我们实例化一个这样的块，里面有两个卷积层，每个卷积层输出通道是128：



然后我们定义如何将这些块堆起来：



In [2]:
def vgg_stack(input, architecture):
    for i, (num_convs, channels) in enumerate(architecture):
        out = vgg_block(input, num_convs, channels, 'vgg_block_'+str(i))
        input = out
    return out


这里我们定义一个最简单的一个VGG结构，它有8个卷积层，和跟Alexnet一样的3个全连接层。这个网络又称VGG 11.

In [3]:
num_outputs = 10
architecture = ((1,64), (1,128), (2,256), (2,512), (2,512))
def vggnet(input, is_training):
    with tf.variable_scope('vgg') as sc:
        with slim.arg_scope([slim.conv2d, slim.fully_connected]):
            output = vgg_stack(input, architecture)
            output = slim.flatten(output)
            fc1 = slim.fully_connected(output, 4096, scope='fc1')
            fc1 = slim.dropout(fc1, keep_prob=0.5, is_training=is_training)
            
            fc2 = slim.fully_connected(fc1, 4096, scope='fc2')
            fc2 = slim.dropout(fc2, keep_prob=0.5, is_training=is_training)     
            
            return slim.fully_connected(fc2, num_outputs, scope='fc3', activation_fn=None)
        

### 模型训练
这里跟Alexnet的训练代码一样除了我们只将图片扩大到$96×96$来节省些计算，和默认使用稍微大点的学习率。



In [4]:
import sys
import numpy as np

sys.path.append('../../utils')
import utils

data_dir = '../../data/fashion_mnist'
train_images, train_labels, test_images, test_labels = utils.load_data_fashion_mnist(data_dir, one_hot=True)
print train_images.shape
print test_images.shape

from tensorflow.contrib.learn.python.learn.datasets.mnist import DataSet
train_dataset = DataSet(train_images, train_labels, one_hot=True)
test_dataset = DataSet(test_images, test_labels, one_hot=True)

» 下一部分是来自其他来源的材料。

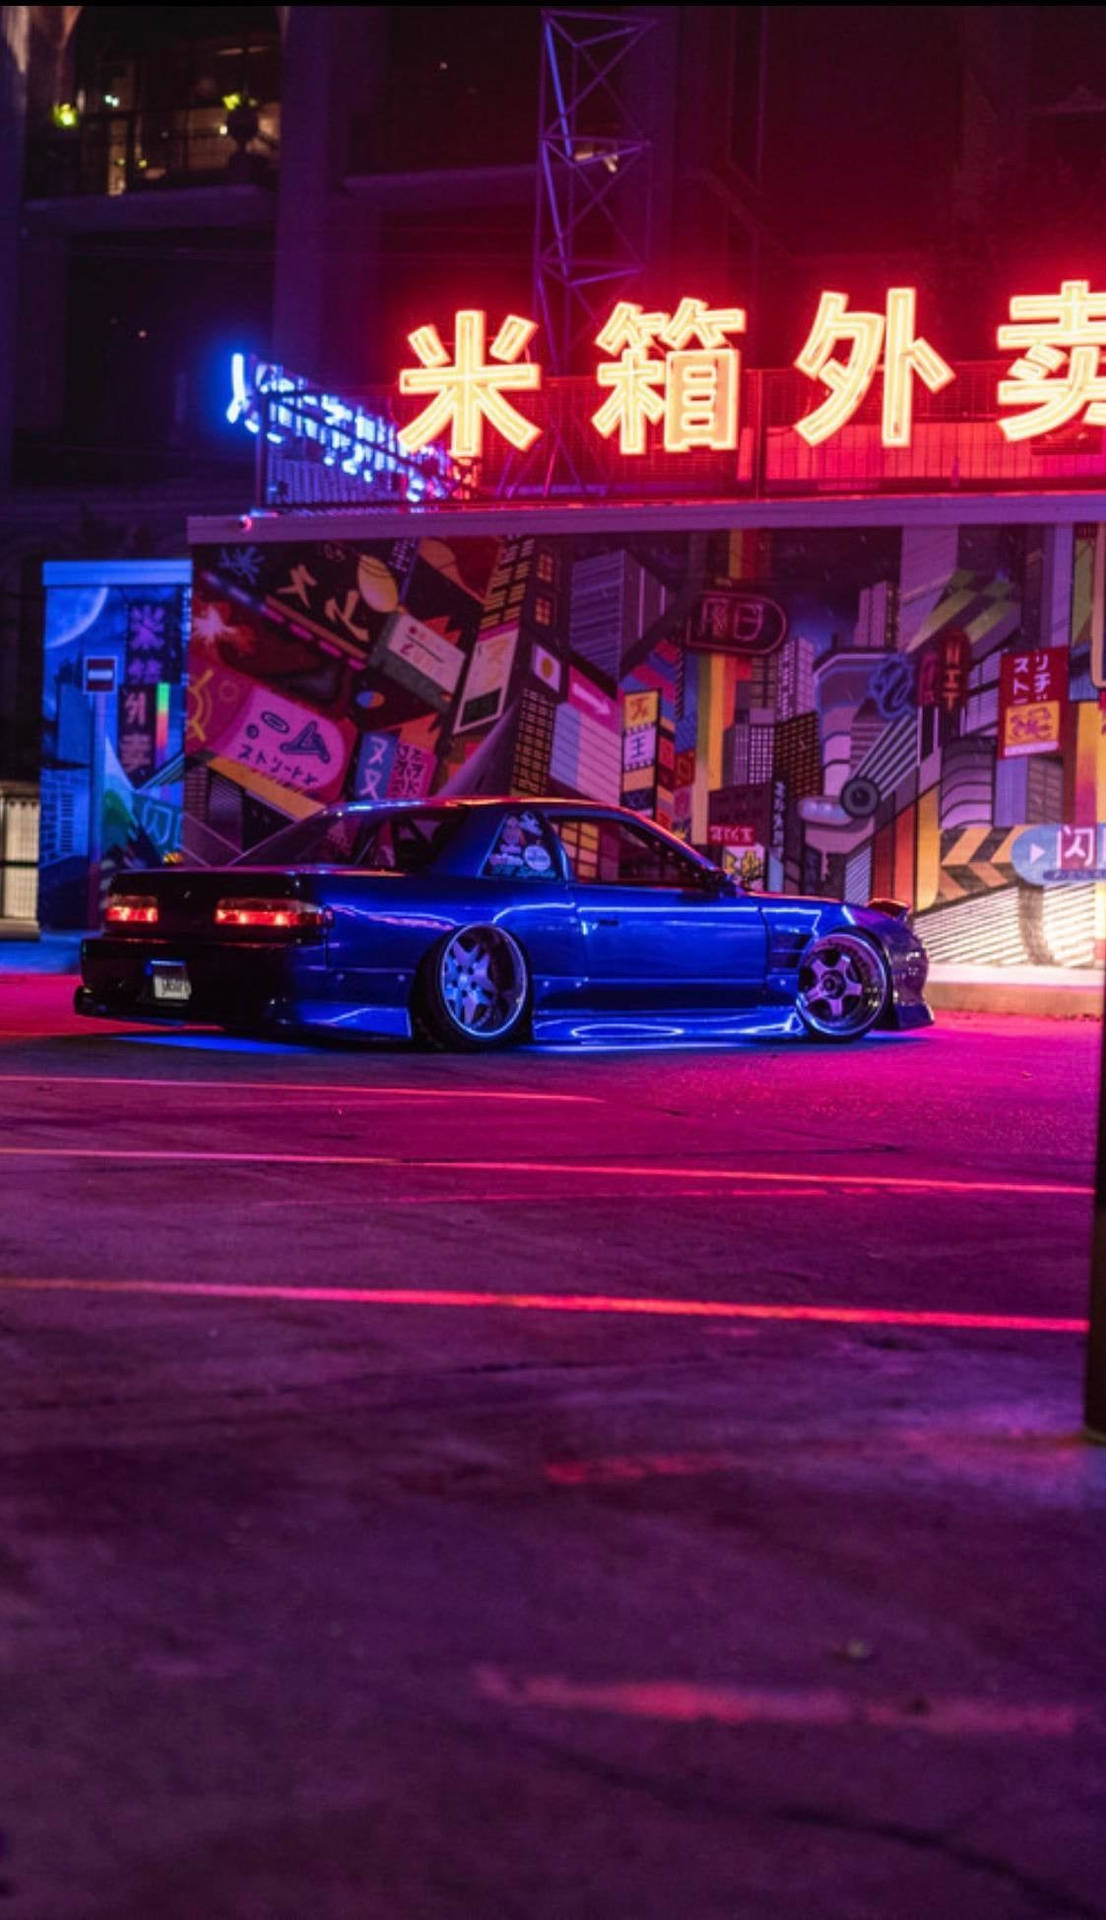 Blue Jdm Car With Neon Lights Wallpaper

Extracting ../../data/fashion_mnist/train-images-idx3-ubyte.gz
Extracting ../../data/fashion_mnist/train-labels-idx1-ubyte.gz
Extracting ../../data/fashion_mnist/t10k-images-idx3-ubyte.gz
Extracting ../../data/fashion_mnist/t10k-labels-idx1-ubyte.gz
(60000, 28, 28, 1)
(10000, 28, 28, 1)


In [5]:
learning_rate = 1e-1
max_steps = 1000
batch_size = 64
height = width = 28
num_channels = 1
num_outputs = 10

tf.reset_default_graph()

input_placeholder = tf.placeholder(tf.float32, [None, height, width, num_channels])
resize_input = tf.image.resize_images(input_placeholder, [96, 96])
gt_placeholder = tf.placeholder(tf.int64, [None, num_outputs])
is_training = tf.placeholder(tf.bool)


logits = vggnet(resize_input, is_training)

loss = tf.losses.softmax_cross_entropy(logits=logits, onehot_labels=gt_placeholder)
acc = utils.accuracy(logits, gt_placeholder)

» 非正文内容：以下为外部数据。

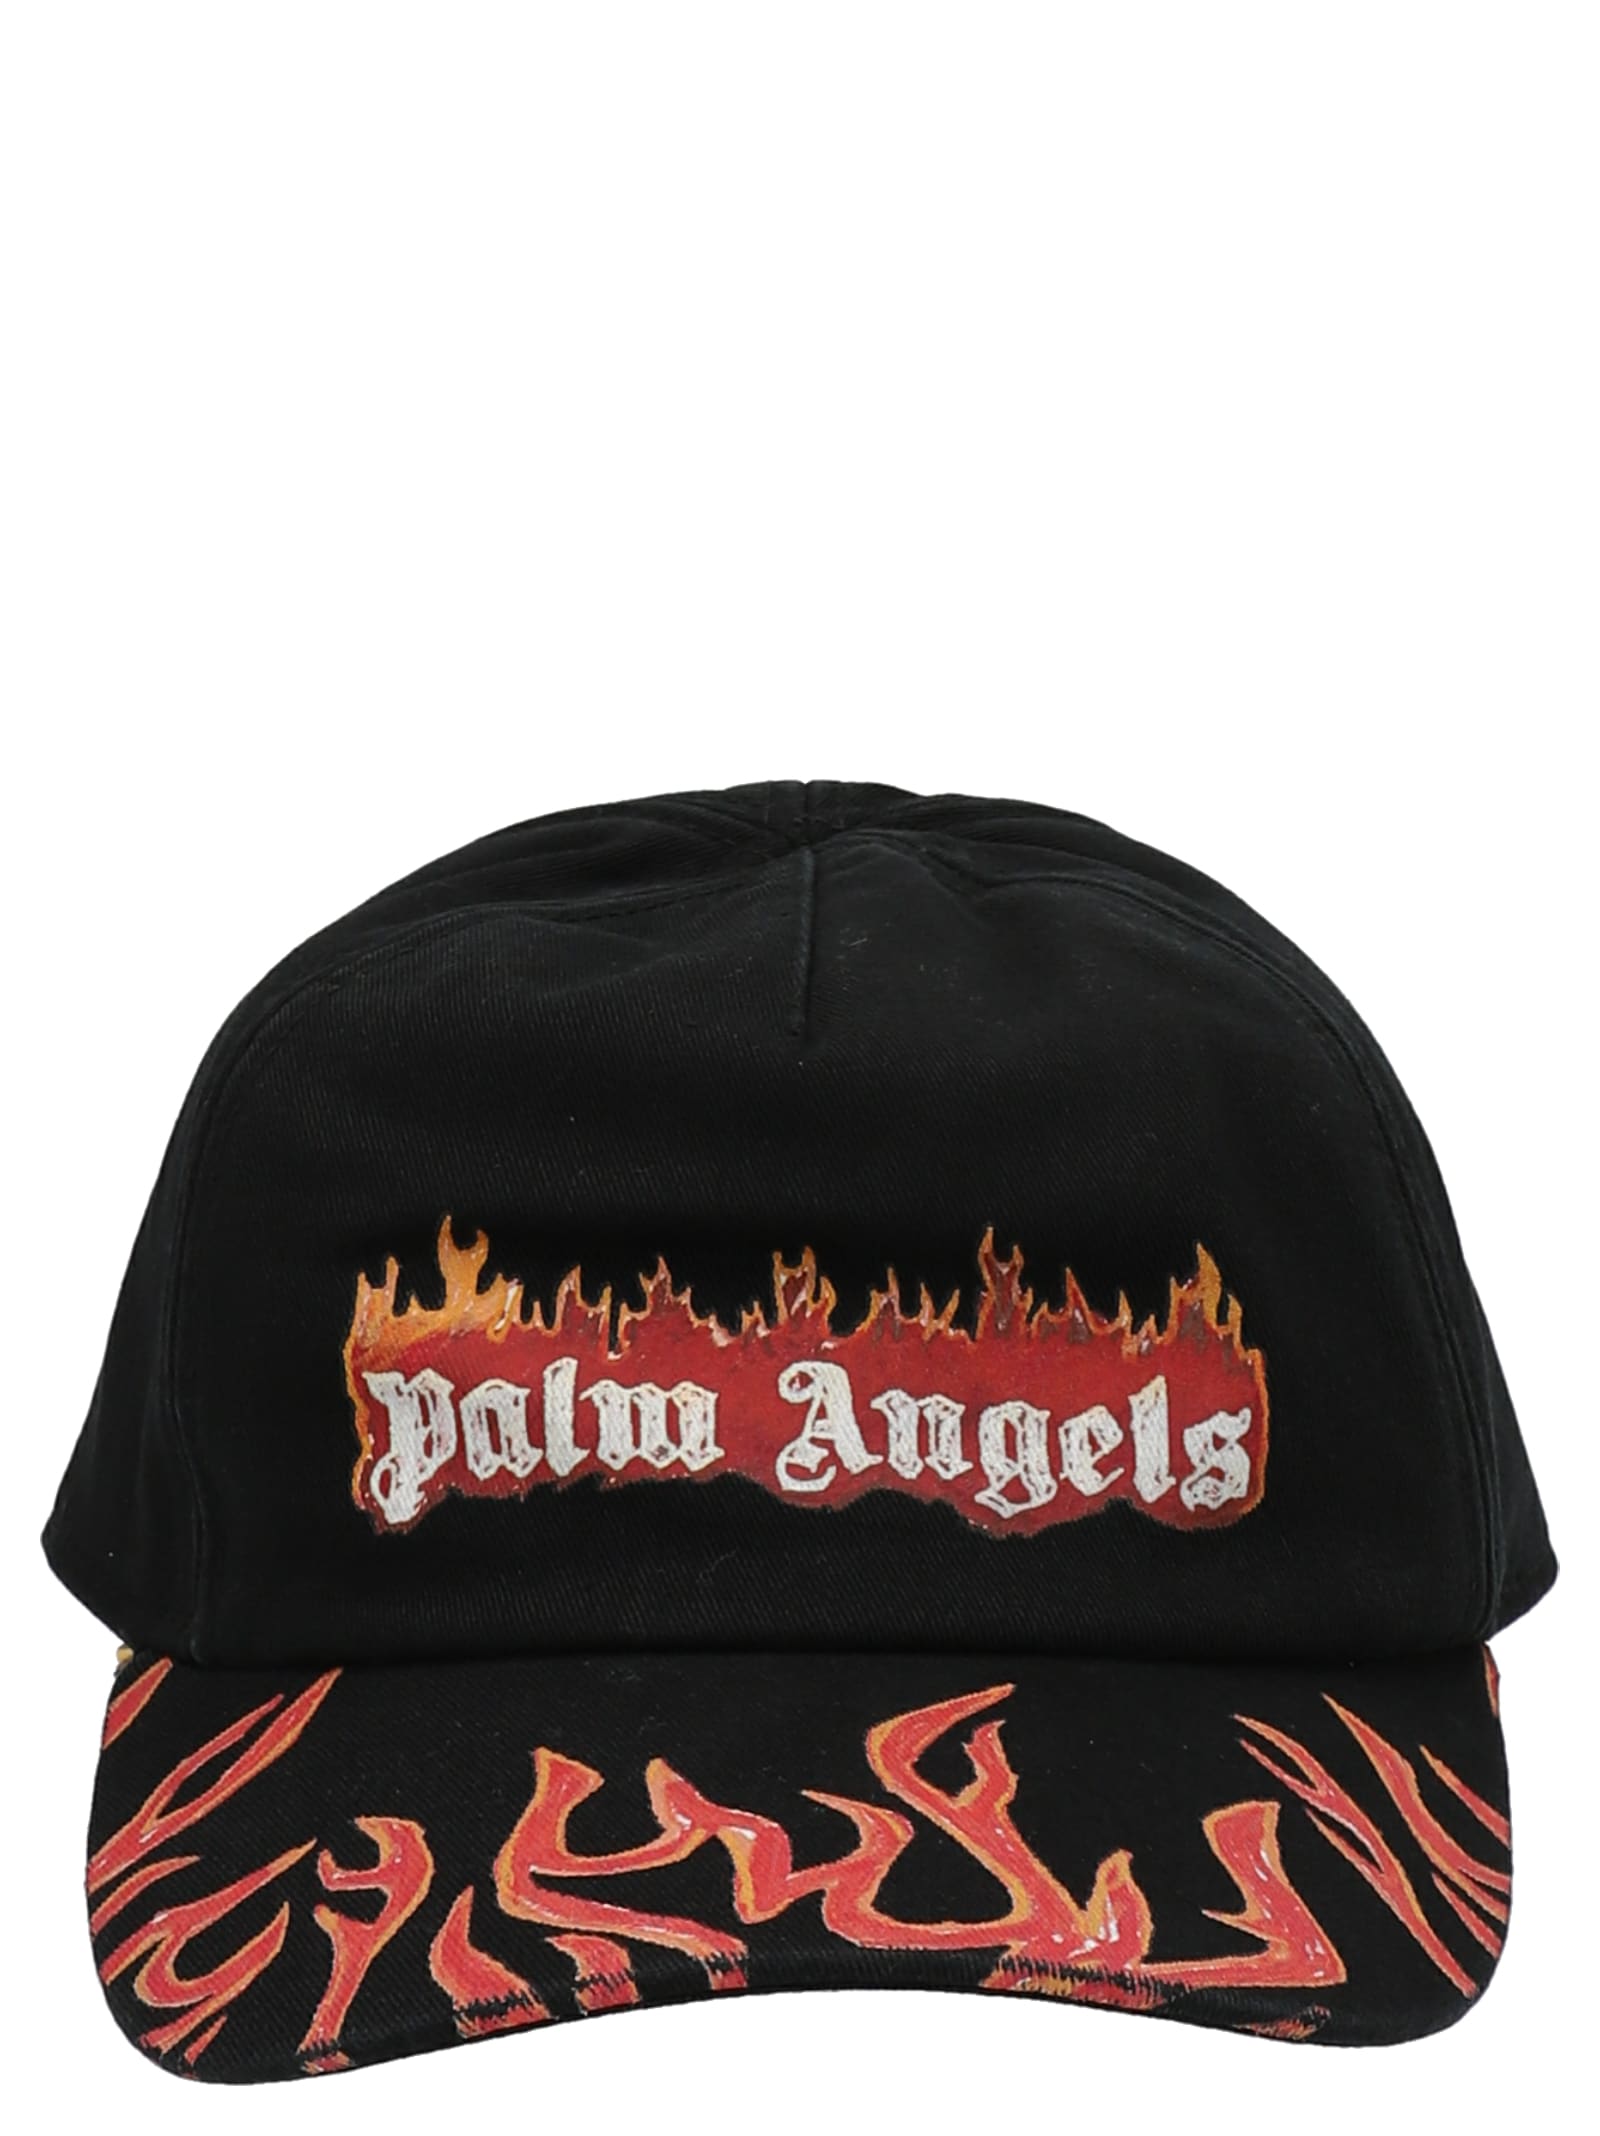 Palm Angels burning Logo Cap

test_images_reshape = np.reshape(np.squeeze(test_images), (test_images.shape[0], height, width, 1))
optimizer = tf.train.GradientDescentOptimizer(learning_rate)

train_op = optimizer.minimize(loss)
init = tf.global_variables_initializer()
sess = tf.InteractiveSession()
sess.run(init)
test_acc = []


for step in range(max_steps):
    data, label = train_dataset.next_batch(batch_size)
    data = np.reshape(data, (batch_size, height, width, num_channels))
    feed_dict = {input_placeholder: data, gt_placeholder: label, is_training: True}
    loss_, acc_, _ = sess.run([loss, acc, train_op], feed_dict=feed_dict)
    print("Batch %d, Loss: %f, Train acc %f " % (step, loss_, acc_))
        
for i in range(100):
    test_data, test_label = test_dataset.next_batch(100)
    test_data = np.reshape(test_data, (100, height, width, num_channels))
    test_loss_, test_acc_ = sess.run([loss, acc], feed_dict={input_placeholder: test_data, gt_placeholder: test_label, is_training: False})
    test_acc.append(test_acc_)
print ("Test Loss: %f, Test acc %f " % (np.mean(test_loss_), np.mean(test_acc_)))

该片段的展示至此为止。